The corner ${\upmu}$ labeled in purple is the intersection of ${\mathrm{r}}_1,\,{\mathrm{r}}_2,$ and ${\mathrm{r}}_3$ and is the most “tensile” hydrostatic strain point on the bandgap isosurface, i.e., $\varepsilon _{11} = \varepsilon _{22} = \varepsilon _{33}$.

The bandgap isosurface of strain cases where only shear strain components are present ($\varepsilon _{11} = \varepsilon _{22} = \varepsilon _{33} = 0$) is plotted in Fig. 4e. Besides three different indirect bandgap CBM positions at ${\mathrm{X}}_1:(0,0.5,0.5)$, ${\mathrm{X}}_2:(0.5,0,0.5)$, and ${\mathrm{X}}_3:(0.5,0.5,0)$, three-shear-strains can also give rise to direct bandgap in diamond where CBM is at the ${\Gamma}$ point. The change from the carapace labeled ${\mathrm{X}}_1$ to that labeled ${\Gamma}$ thus indicates an indirect-to-direct bandgap transition in diamond (yellow arrow in Fig. 4e). The corresponding band structures for the indirect and direct bandgap are shown in Fig. 4f and g, respectively.

The effective mass of an electron is a key parameter that influences carrier mobility and electrical conductivity in semiconductor materials. If we denote the conduction band energy dispersion as $E_{n_{{\mathrm{CB}}}}$(${\mathbf{k}}$), then the corresponding effective mass tensor can be defined in terms of the Hessian matrix H($E_{n_{{\mathrm{CB}}}}$(${\mathbf{k}}$)) consisting of second partial derivatives with respect to ${\mathbf{k}}$. Based on the values drawn from our ML model, the electron effective mass ${\boldsymbol{m}}^ \ast$ tensor for an undeformed diamond at CBM is extracted by fitting the band structure:

$${\boldsymbol{m}}^ \ast = \left[ {\begin{array}{*{20}{c}} {1.55m_{\mathrm{e}}} & 0 & 0 \\ 0 & {0.31m_{\mathrm{e}}} & 0 \\ 0 & 0 & {0.31m_{\mathrm{e}}} \end{array}} \right],$$

(1)

where $m_{\mathrm{e}}$ is the free-electron mass.

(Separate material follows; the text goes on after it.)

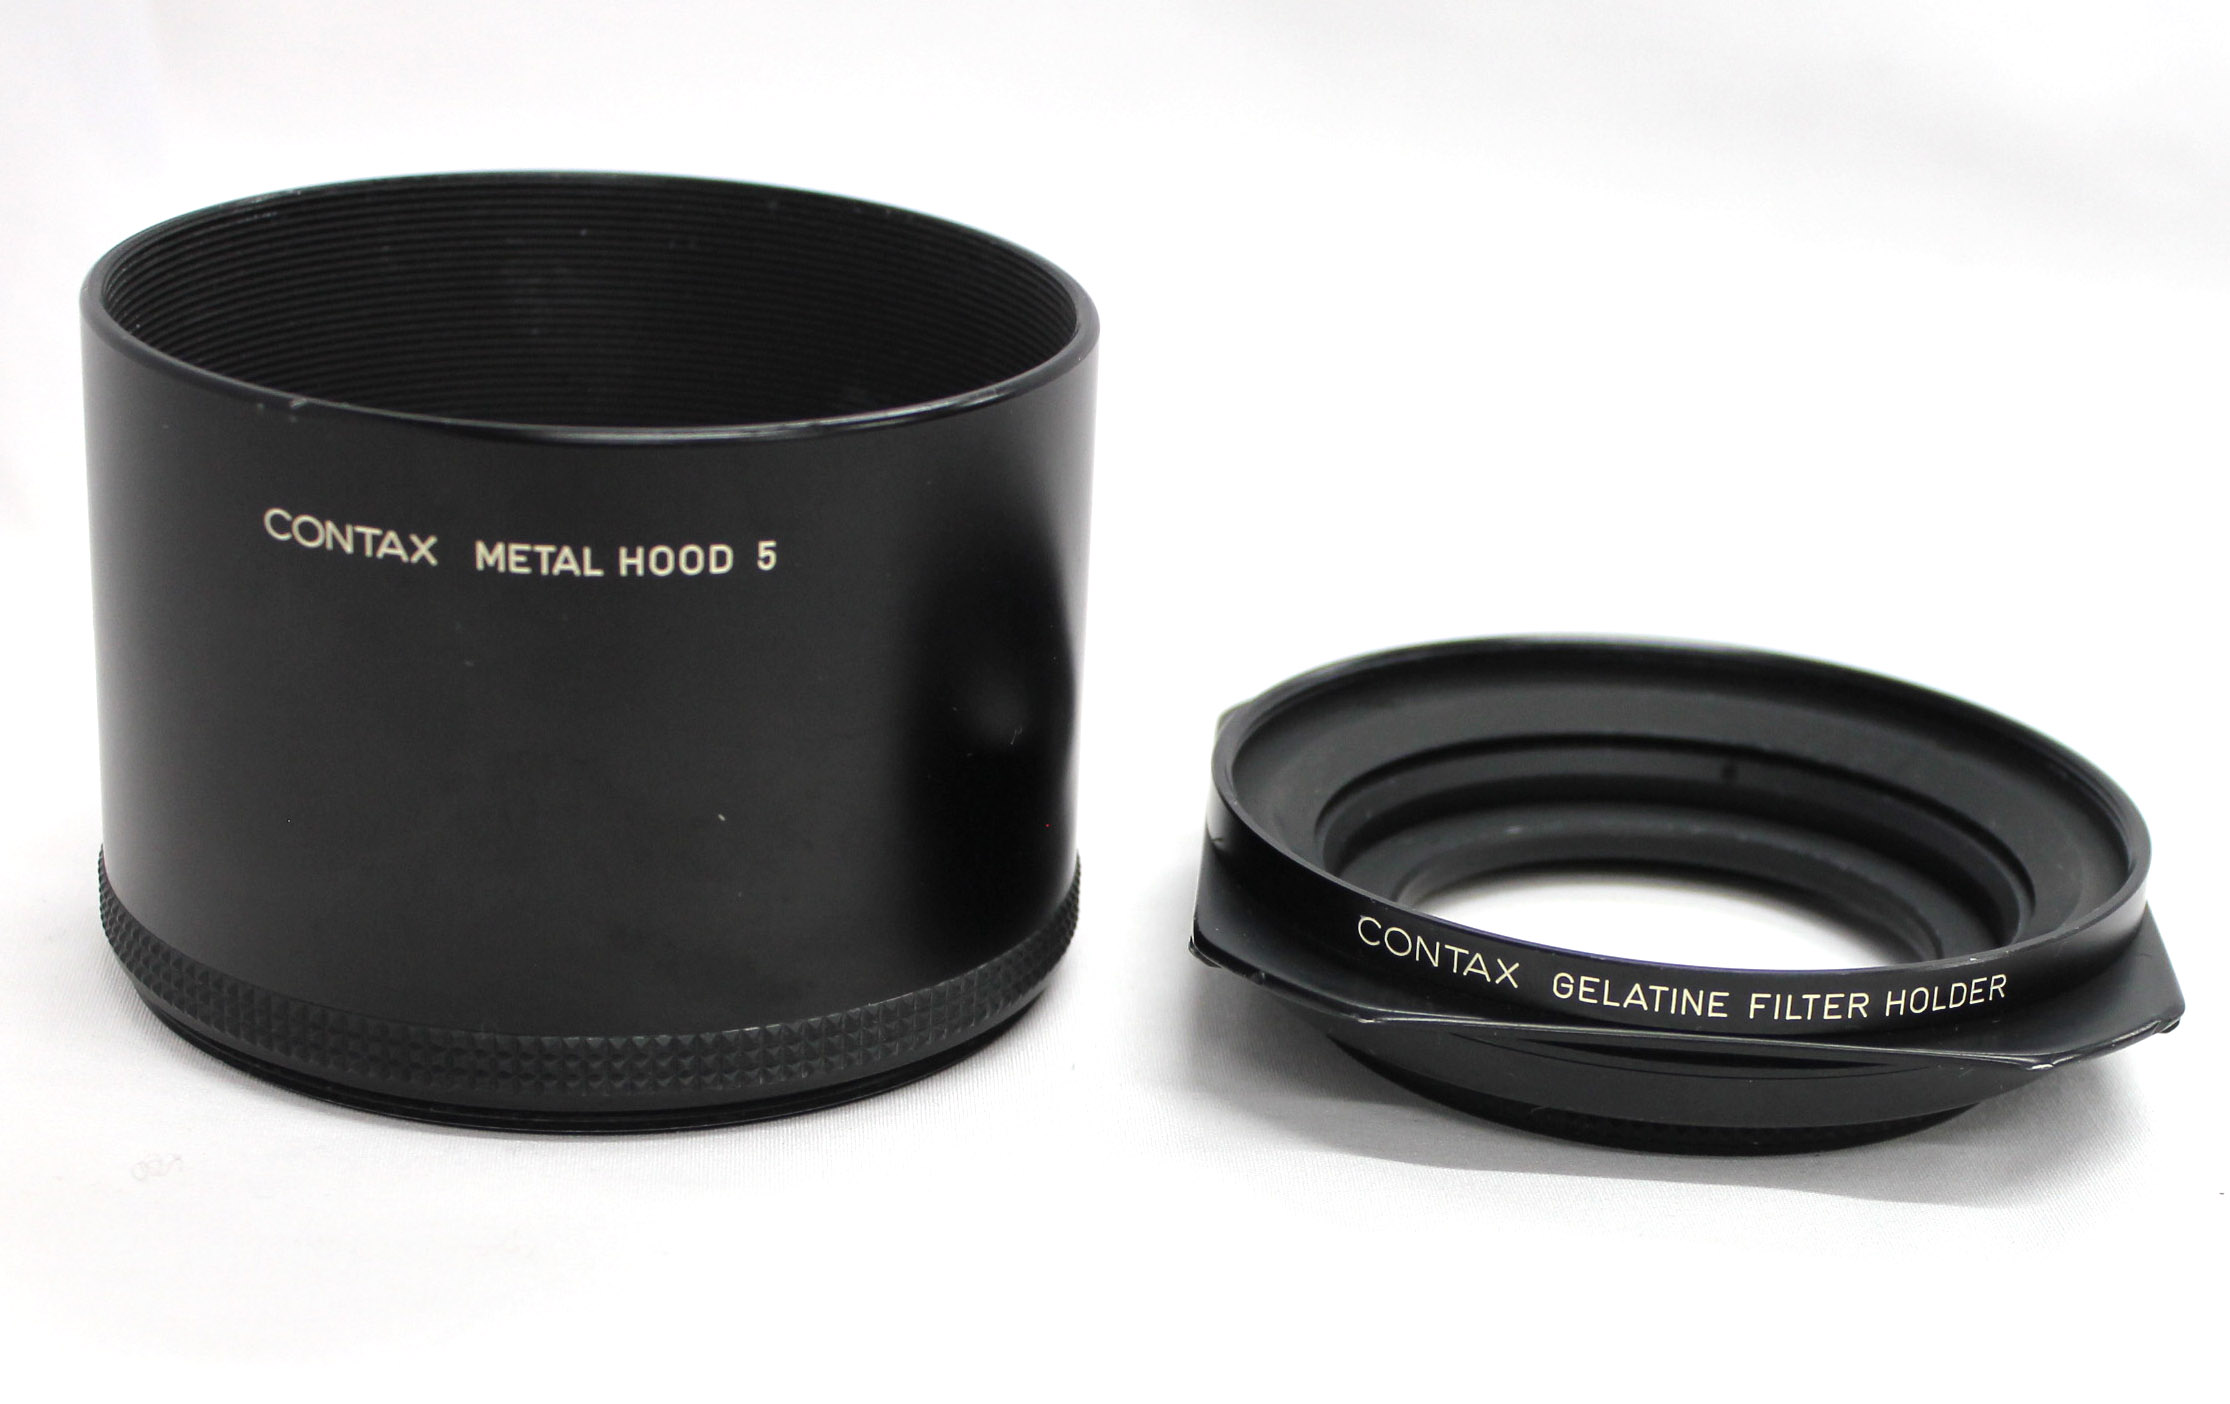 Japan Used Camera Shop | [Exc+++++] Contax Metal Hood 5 with Gelatine Filter Holder from Japan

Given that m* is a second-order derivative, it reveals not only the shape of an energy band but also its curvature, thereby providing more detailed information on band dispersion. The anisotropy at CBM is characterized by a longitudinal mass ($m_{\mathrm{L}}^ \ast$ = 1.55$m_{\mathrm{e}}$) along with the corresponding equivalent (100) reciprocal space direction and two transverse masses ($m_{\mathrm{T}}^ \ast$ = 0.31$m_{\mathrm{e}}$) in the plane perpendicular to the longitudinal direction. Our results for $m_{\mathrm{L}}^ \ast$ and $m_{\mathrm{T}}^ \ast$ are close to both the GW and experimental values (see Table 1), offering more evidence for the reliability of our electronic band structure representation. A plot that demonstrates the agreement between our model and GW calculations for effective mass components can be found in Supplementary Note 3 and Supplementary Fig. 6.

Table 1 Longitudinal and transverse electron effective masses at CBM in undeformed diamond (in units of free-electron stationary mass $m_{\mathrm{e}}$).

Full size table

We also studied the 6D strain space to obtain the conduction-related properties and the elastic strain energy density as functions of $\varepsilon$. Here, we adopted our ML model to acquire the relation between the “conductivity effective mass” for the conduction electron $m_{{\mathrm{cond}}}^\ast (\boldsymbol{\varepsilon})$ and $h(\boldsymbol{\varepsilon})$, as shown in Fig. 5a. The values of scalar $m_{{\mathrm{cond}}}^ \ast$ are obtained by averaging individual longitudinal and transverse effective masses, as in ref. ²³. The blue shading in Fig. 5a reveals the distribution of the available $m_{{\mathrm{cond}}}^ \ast$, with darker shading implying more strains are able to reach a specific value of $m_{{\mathrm{cond}}}^ \ast$ at a given $h$.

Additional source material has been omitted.